MIME-Version: 1.0
In-Reply-To: <20180117062800.GU13338@ZenIV.linux.org.uk>
References: <151586744180.5820.13215059696964205856.stgit@dwillia2-desk3.amr.corp.intel.com>
 <151586748981.5820.14559543798744763404.stgit@dwillia2-desk3.amr.corp.intel.com>
 <CA+55aFzoAR+MYX+ub0xZ32OsT7WtD5Kru2t6LhwB1buLWPResQ@mail.gmail.com>
 <CA+55aFxsg5+u7bCHj1N8xyyVf7-RMm-5ACNp=ENNrKL78omaow@mail.gmail.com>
 <CAPcyv4hfUx8gLScuNewY3+BWi4YBS_Z9dhvYf1D+WEWDDCShXA@mail.gmail.com>
 <CAPcyv4g94iysWqz64KNk=HDdx6+b2e0O-rRrnFZDqfNSR3Xrjg@mail.gmail.com> <20180117062800.GU13338@ZenIV.linux.org.uk>
From: Dan Williams <dan.j.williams@intel.com>
Date: Tue, 16 Jan 2018 22:50:01 -0800
Message-ID: <CAPcyv4jn6xHNB2DevoFEzkfpnKCd7u8UdA+TmVPtbO08TjzFWA@mail.gmail.com>
Subject: Re: [PATCH v3 8/9] x86: use __uaccess_begin_nospec and ASM_IFENCE in
 get_user paths
To: Al Viro <viro@zeniv.linux.org.uk>
Cc: Linus Torvalds <torvalds@linux-foundation.org>,
        Linux Kernel Mailing List <linux-kernel@vger.kernel.org>,
        linux-arch@vger.kernel.org, Andi Kleen <ak@linux.intel.com>,
        Kees Cook <keescook@chromium.org>,
        kernel-hardening@lists.openwall.com,
        Greg Kroah-Hartman <gregkh@linuxfoundation.org>,
        "the arch/x86 maintainers" <x86@kernel.org>,
        Ingo Molnar <mingo@redhat.com>,
        "H. Peter Anvin" <hpa@zytor.com>,
        Thomas Gleixner <tglx@linutronix.de>,
        Andrew Morton <akpm@linux-foundation.org>,
        Alan Cox <alan@linux.intel.com>
Content-Type: text/plain; charset="UTF-8"
Sender: linux-kernel-owner@vger.kernel.org

On Tue, Jan 16, 2018 at 10:28 PM, Al Viro <viro@zeniv.linux.org.uk> wrote:
> On Tue, Jan 16, 2018 at 08:30:17PM -0800, Dan Williams wrote:
>> On Tue, Jan 16, 2018 at 2:23 PM, Dan Williams <dan.j.williams@intel.com> wrote:
>> > On Sat, Jan 13, 2018 at 11:33 AM, Linus Torvalds
>> [..]
>> > I'll respin this set along those lines, and drop the ifence bits.
>>
>> So now I'm not so sure. Yes, get_user_{1,2,4,8} can mask the pointer
>> with the address limit result, but this doesn't work for the
>> access_ok() + __get_user() case. We can either change the access_ok()
>> calling convention to return a properly masked pointer to be used in
>> subsequent calls to __get_user(), or go with lfence on every
>> __get_user call. There seem to be several drivers that open code
>> copy_from_user() with __get_user loops, so the 'fence every
>> __get_user' approach might have noticeable overhead. On the other hand
>> the access_ok conversion, while it could be scripted with coccinelle,
>> is ~300 sites (VERIFY_READ), if you're concerned about having
>> something small to merge for 4.15.
>>
>> I think the access_ok() conversion to return a speculation sanitized
>> pointer or NULL is the way to go unless I'm missing something simpler.
>> Other ideas?
>
> What masked pointer?

The pointer value that is masked under speculation.

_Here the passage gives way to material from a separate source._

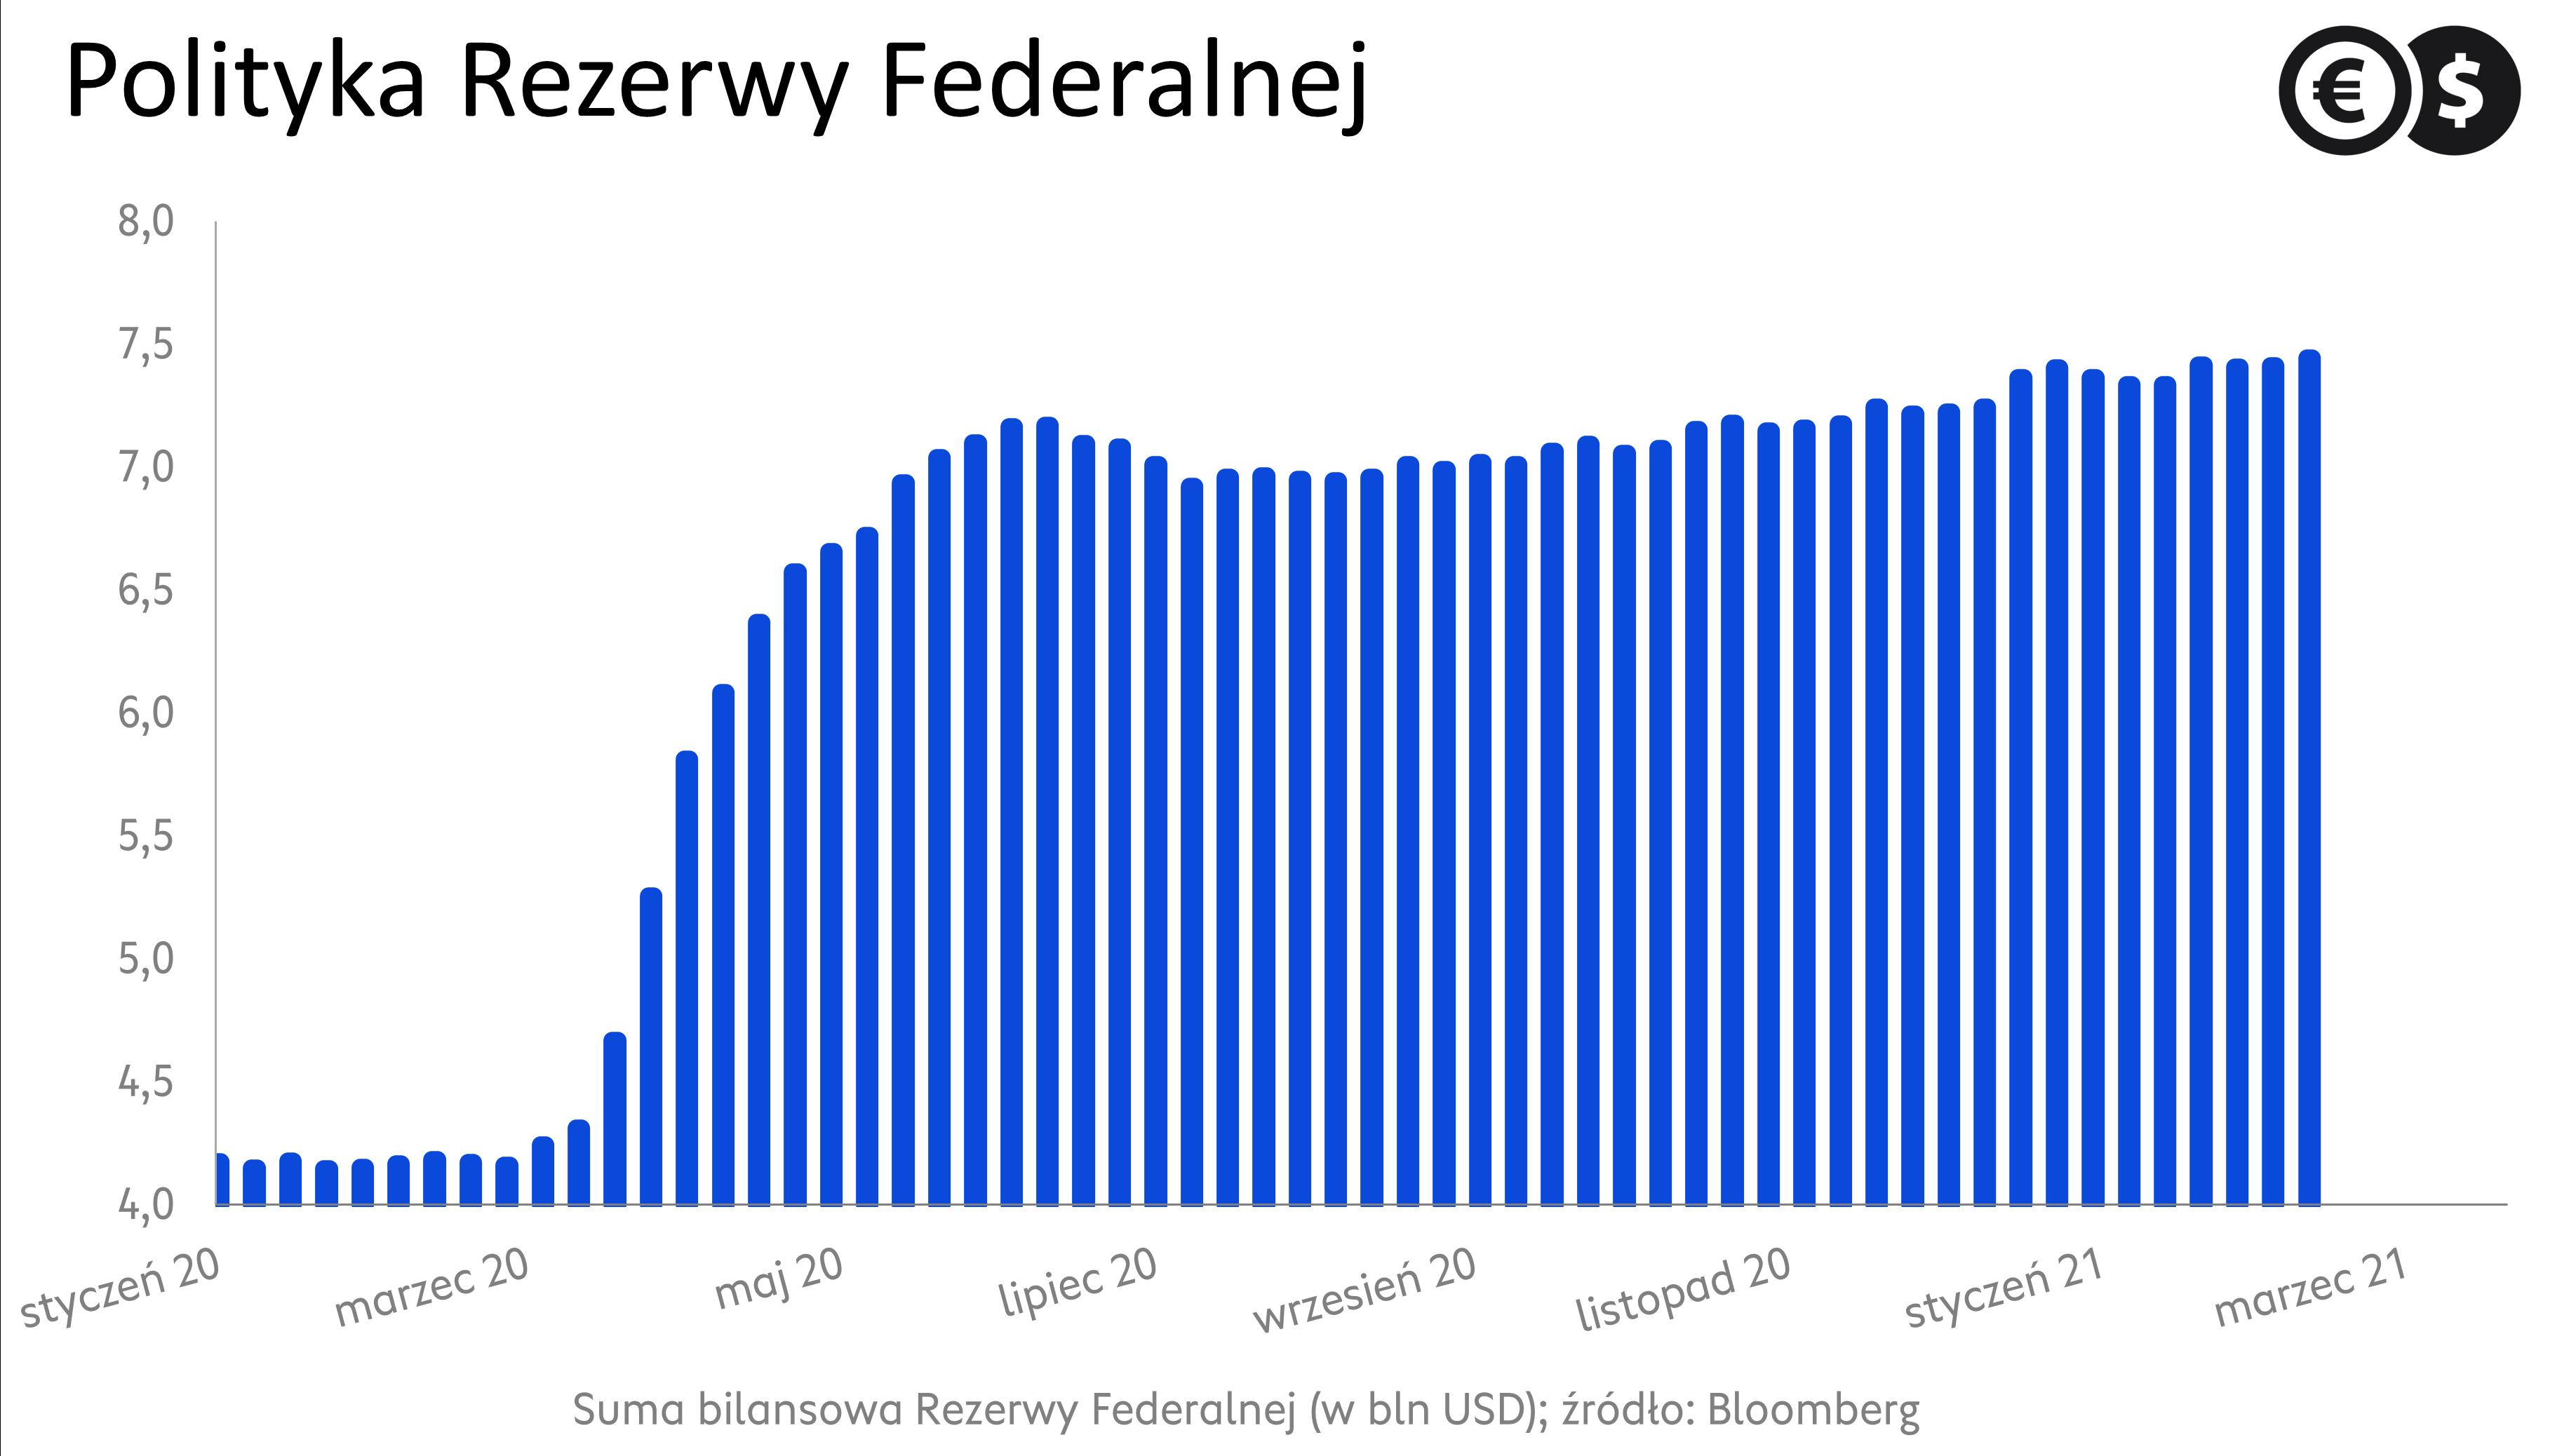 Suma bilansowa Rezerwy Federalnej

   diff --git a/arch/x86/lib/getuser.S b/arch/x86/lib/getuser.S
   index c97d935a29e8..4c378b485399 100644
   --- a/arch/x86/lib/getuser.S
   +++ b/arch/x86/lib/getuser.S
   @@ -40,6 +40,8 @@ ENTRY(__get_user_1)
           mov PER_CPU_VAR(current_task), %_ASM_DX
           cmp TASK_addr_limit(%_ASM_DX),%_ASM_AX
           jae bad_get_user
   +       sbb %_ASM_DX,%_ASM_DX
   +       and %_ASM_DX,%_ASM_AX
           ASM_STAC
    1:     movzbl (%_ASM_AX),%edx
           xor %eax,%eax

...i.e %_ASM_AX is guaranteed to be zero if userspace tries to cause
speculation with an address above the limit. The proposal is make
access_ok do that same masking so we never speculate on pointers from
userspace aimed at kernel memory.

> access_ok() exists for other architectures as well,

I'd modify those as well...

> and the fewer callers remain outside of arch/*, the better.
>
> Anything that open-codes copy_from_user() that way is *ALREADY* fucked if
> it cares about the overhead - recent x86 boxen will have slowdown from
> hell on stac()/clac() pairs.  Anything like that on a hot path is already
> deep in trouble and needs to be found and fixed.  What drivers would those
> be?

So I took a closer look and the pattern is not copy_from_user it's
more like __get_user + write-to-hardware loops. If the performance is
already expected to be bad for those then perhaps an lfence each loop
iteration won't be much worse. It's still a waste because the lfence
is only needed once after the access_ok.

> We don't have that many __get_user() users left outside of arch/*
> anymore...